另一个trick。当需要继承、查询祖先上的信息时,可以用一个(树状数组/桶)维护这些信息,进入一个点时加入该点的信息,离开这个点时删除这些信息即可。
比如树上斜率优化DP就可以这样做。
那么这道题就用一个vector维护哈希值,进入一个点,就继续插入哈希值,并在插入的过程中完成查询。离开时删除即可。
#include <bits/stdc++.h>
#define ull unsigned long long
#define ll long long
const ull base = 19260817;
const int N = 3e5 + 7;
ull p[N], need;
std::vector<char> s[N];
std::vector<int> vec[N];
std::vector<ull> cur;
char t[N];
ll ans;
int len, n;
void dfs(int u) {
for (int i = 0; i < s[u].size(); i++) {
cur.push_back(cur.back() * base + s[u][i]);
if (cur.size() > len) {
ull x = cur.back() - cur[cur.size() - len - 1] * p[len];
if (x == need) ans++;
}
}
for (int v: vec[u])
dfs(v);
for (int i = 0; i < s[u].size(); i++)
cur.pop_back();
}
int main() {
scanf("%d", &n);
for (int i = p[0] = 1; i < N; i++)
p[i] = p[i - 1] * base;
for (int i = 2; i <= n; i++) {
int u;
scanf("%d%s", &u, t);
vec[u].push_back(i);
int len = strlen(t);
for (int j = 0; j < len; j++)
s[i].push_back(t[j]);
}
scanf("%s", t);
len = strlen(t);
for (int i = 0; i < len; i++)
need = need * base + t[i];
cur.push_back(0);
dfs(1);
printf("%lld\n", ans);
return 0;
}
这题是长链剖分板子。

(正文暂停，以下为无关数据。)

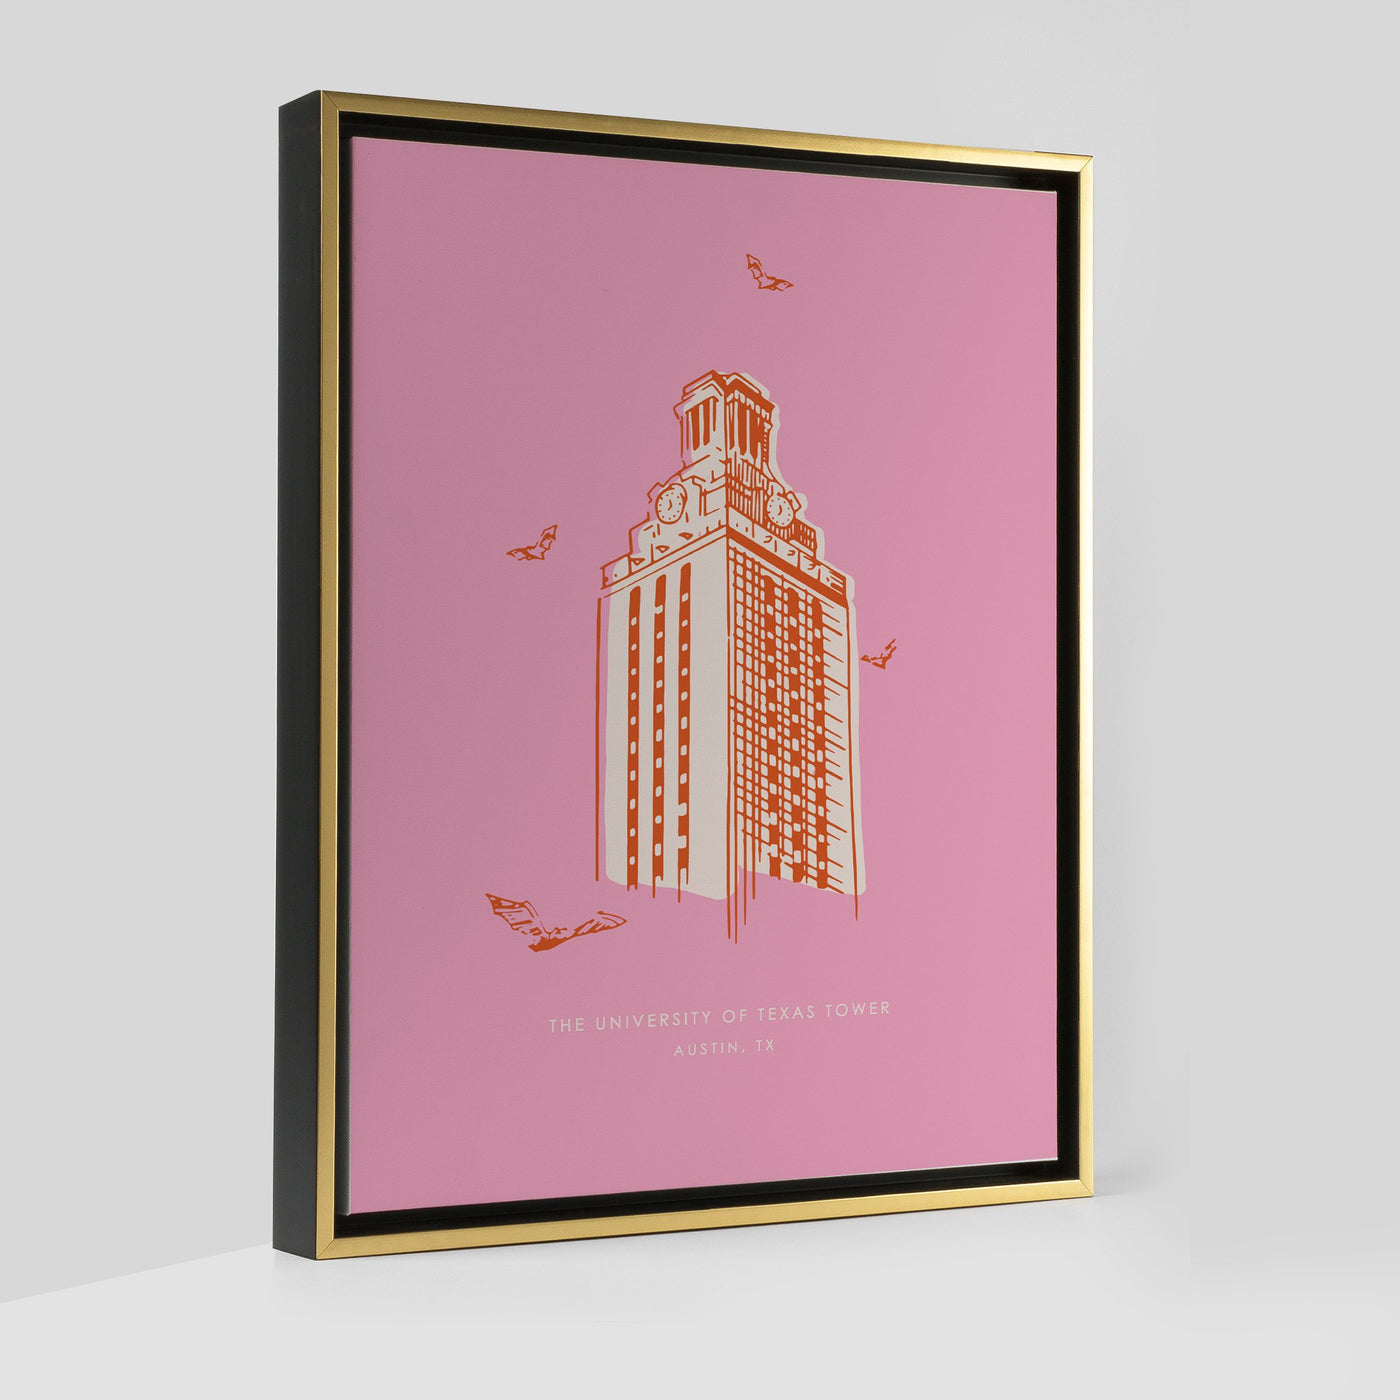 Gallery Prints Pink Canvas / 8x10 / Gold Frame 10152 Torino Tower Print dombezalergii

而我用了重链剖分...
$O(nlog^{2}n)$ 水过去了...
用一个pair记录 cnt[dep[u]] 和 dep[u],然后用set维护,cnt取负就能变成越大的排越前,在cnt相同时dep更小的排越前。
当set为空或者第一个的cnt是-1时答案是0
#include <bits/stdc++.h>
#define pii pair<int, int>
const int N = 1e6 + 7;
int n, cnt[N], dep[N], son[N], sz[N], cur, ans[N];
std::vector<int> vec[N];
std::set< std::pii > st;
bool skip[N];
void dfs1(int u, int fa = 0) {
dep[u] = dep[fa] + 1;
sz[u] = 1;
for (int v: vec[u]) {
if (v == fa) continue;
dfs1(v, u);
sz[u] += sz[v];
if (sz[son[u]] < sz[v])
son[u] = v;
}
}
void edt(int u, int fa, int k) {
auto it = st.find(std::pii(-cnt[dep[u]], dep[u]));
if (it != st.end()) st.erase(it);
cnt[dep[u]] += k;
st.insert(std::pii(-cnt[dep[u]], dep[u]));
for (int v: vec[u])
if (v != fa && !skip[v])
edt(v, u, k);
}
void dfs(int u, int fa, bool keep = 0) {
for (int v: vec[u])
if (v != fa && v != son[u])
dfs(v, u);
if (son[u])
dfs(son[u], u, 1), skip[son[u]] = 1;
edt(u, fa, 1);
if (st.empty() || st.begin()->first == -1)
ans[u] = 0;
else
ans[u] = st.begin()->second - dep[u];
if (son[u])
skip[son[u]] = 0;
if (!keep)
edt(u, fa, -1);
}
int main() {
scanf("%d", &n);
for (int i = 1, u, v; i < n; i++)
scanf("%d%d", &u, &v), vec[u].push_back(v), vec[v].push_back(u);
dfs1(1, 0);
dfs(1, 0, 1);
for (int i = 1; i <= n; i++)
printf("%d\n", ans[i]);
return 0;
}
感谢 https://blog.csdn.net/zlttttt/article/details/78634449 这篇dsu on tree的解法。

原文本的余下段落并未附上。